Friday, 21 October 2011

Living wage motion success

Our Living wage motion was eventually voted through at the full council meeting earlier in the week. It was fairly heavily amended by the Labour group but I believe that their amendment strengthened the motion and furthered its aims rather than the traditional wrecking type amendment usually moved by another party.

Changing council policy is almost the easy part of the campaign though. I suspect we will have an uphill battle with the private sector in Reading. But at least things are moving now.

Feel free to support our Living wage Facebook group here.

Below is the text of the motion.

"This Council notes:

  • That one in five Reading children live in poverty;
  • The commitment to greater equality contained within Reading's Sustainable Community Strategy;
  • That the minimum wage (£6.08 per hour as of October 1, 2011) has been a step forwards but that at its current level it is a poverty wage;
  • The cross-party support which there has been for a London living wage (2011 rate is £8.30 per hour).

This Council notes that Reading Borough Council has had an anti-low pay policy for Council staff since the late 1980s and the current minimum wage under that policy is £7.64p per hour, which is 44 pence more than the amount suggested as a Living wage outside London.

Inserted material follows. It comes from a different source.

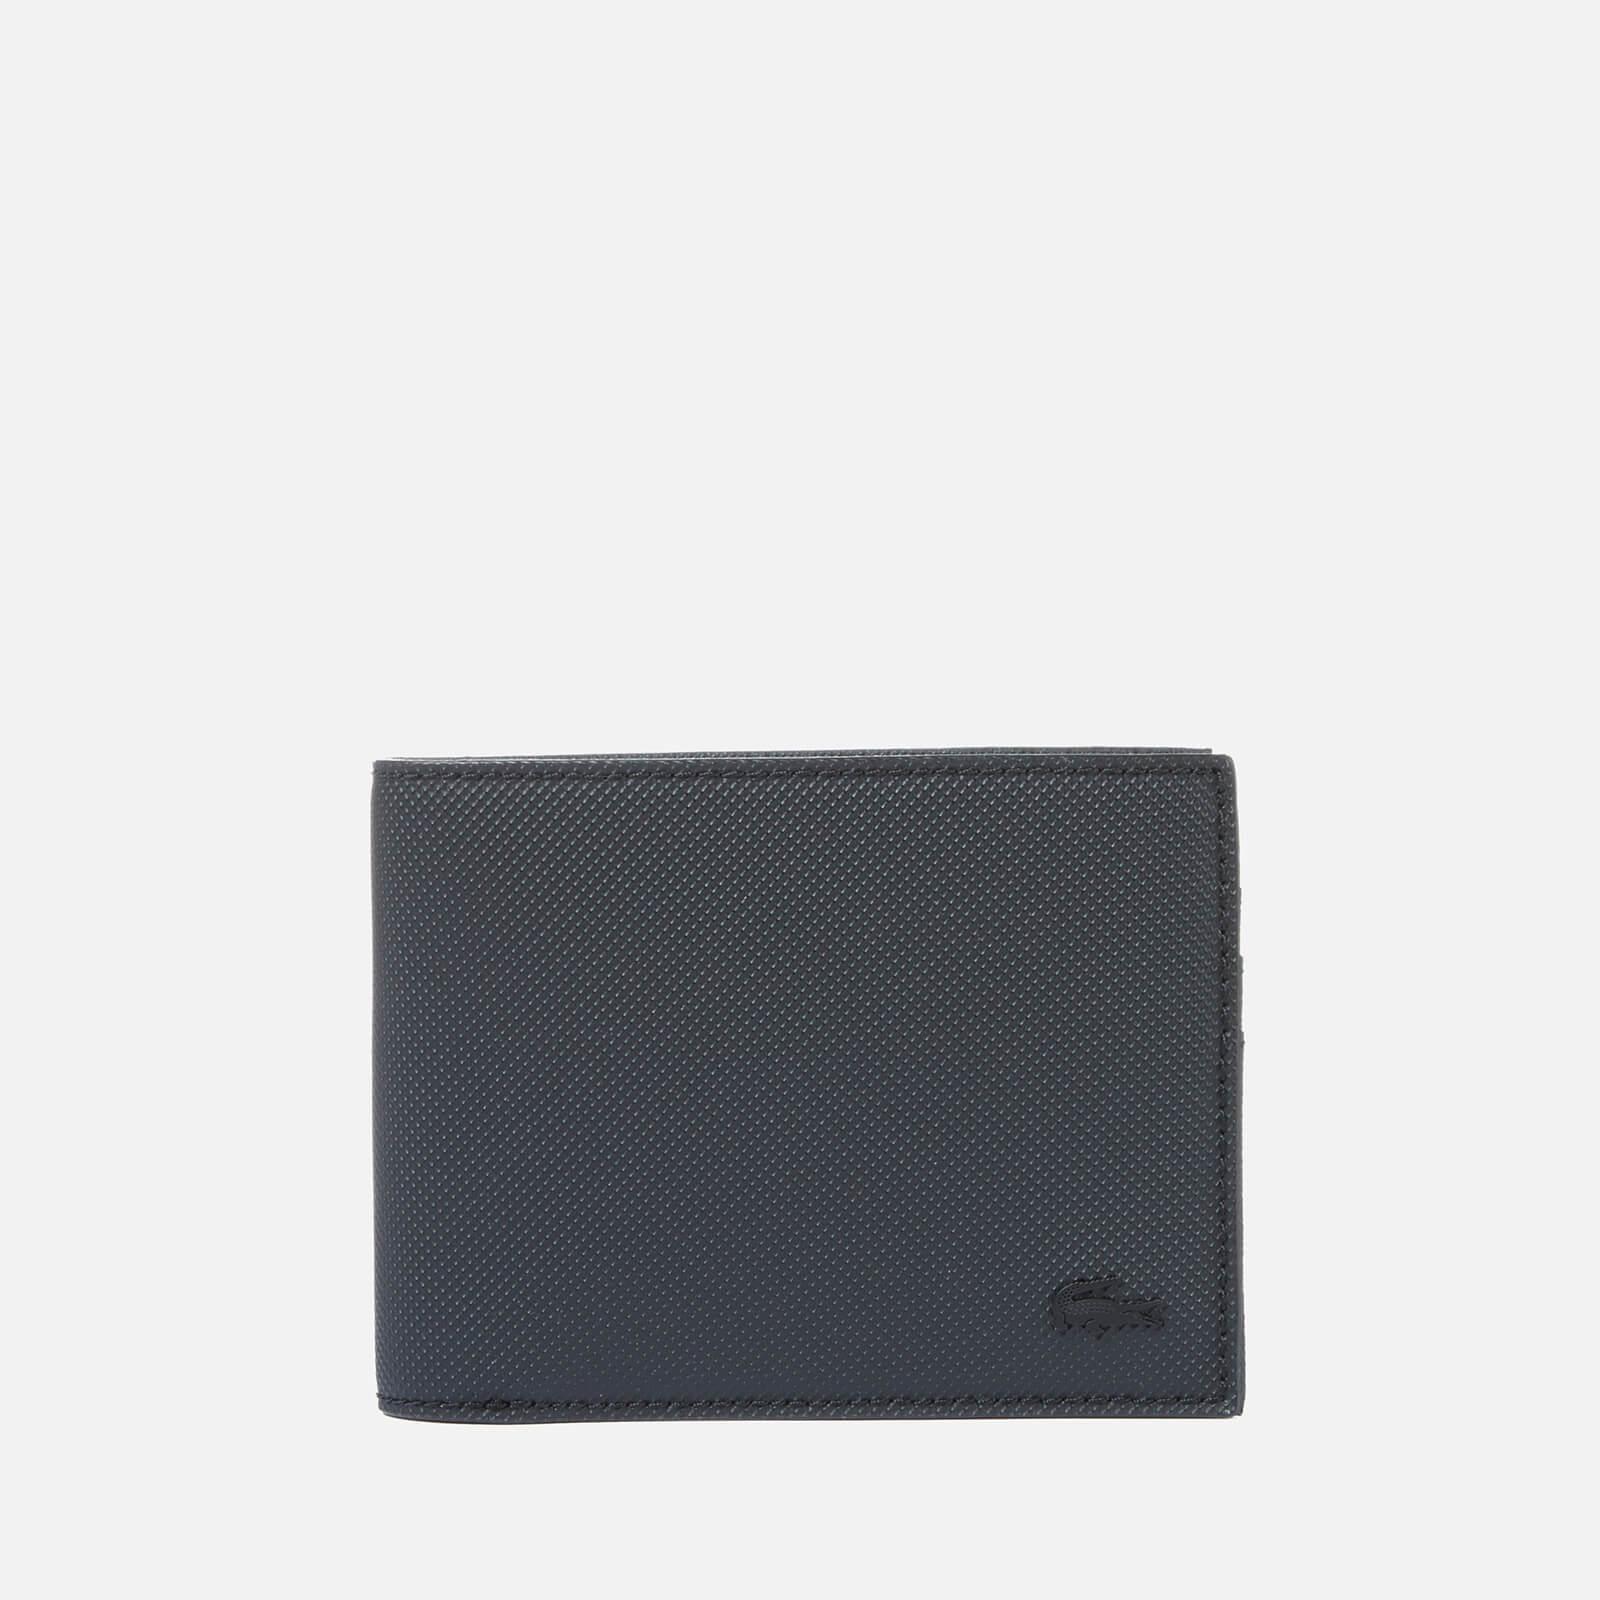 a7d604ca2f55 Lacoste Men s Billfold Wallet - Black - Free UK Delivery over £50

This Council therefore reaffirms this long-standing commitment to paying a living wage to council employees.

This Council resolves:

1. To continue to increment the Living Wage paid to Council staff in line with national pay increases.

2. To review the extent to which the Council’s Living wage policy can be applied to currently contracted-out services or as each contract comes up for renewal.

3. To include a commitment to a Living Wage for new contracts.

4. To call upon other employers in Reading to adopt a similar anti-low pay policy for their staff.

5. To work with advice agencies, trade unions and the Health & Safety Executive to identify and pursue employers that are failing to pay the statutory minimum wage.

6. To review the ratio between the lowest and the higher paid council officers.

7. To ensure that cabinet receives reports on progress towards the above at least annually, but initially by January 2012."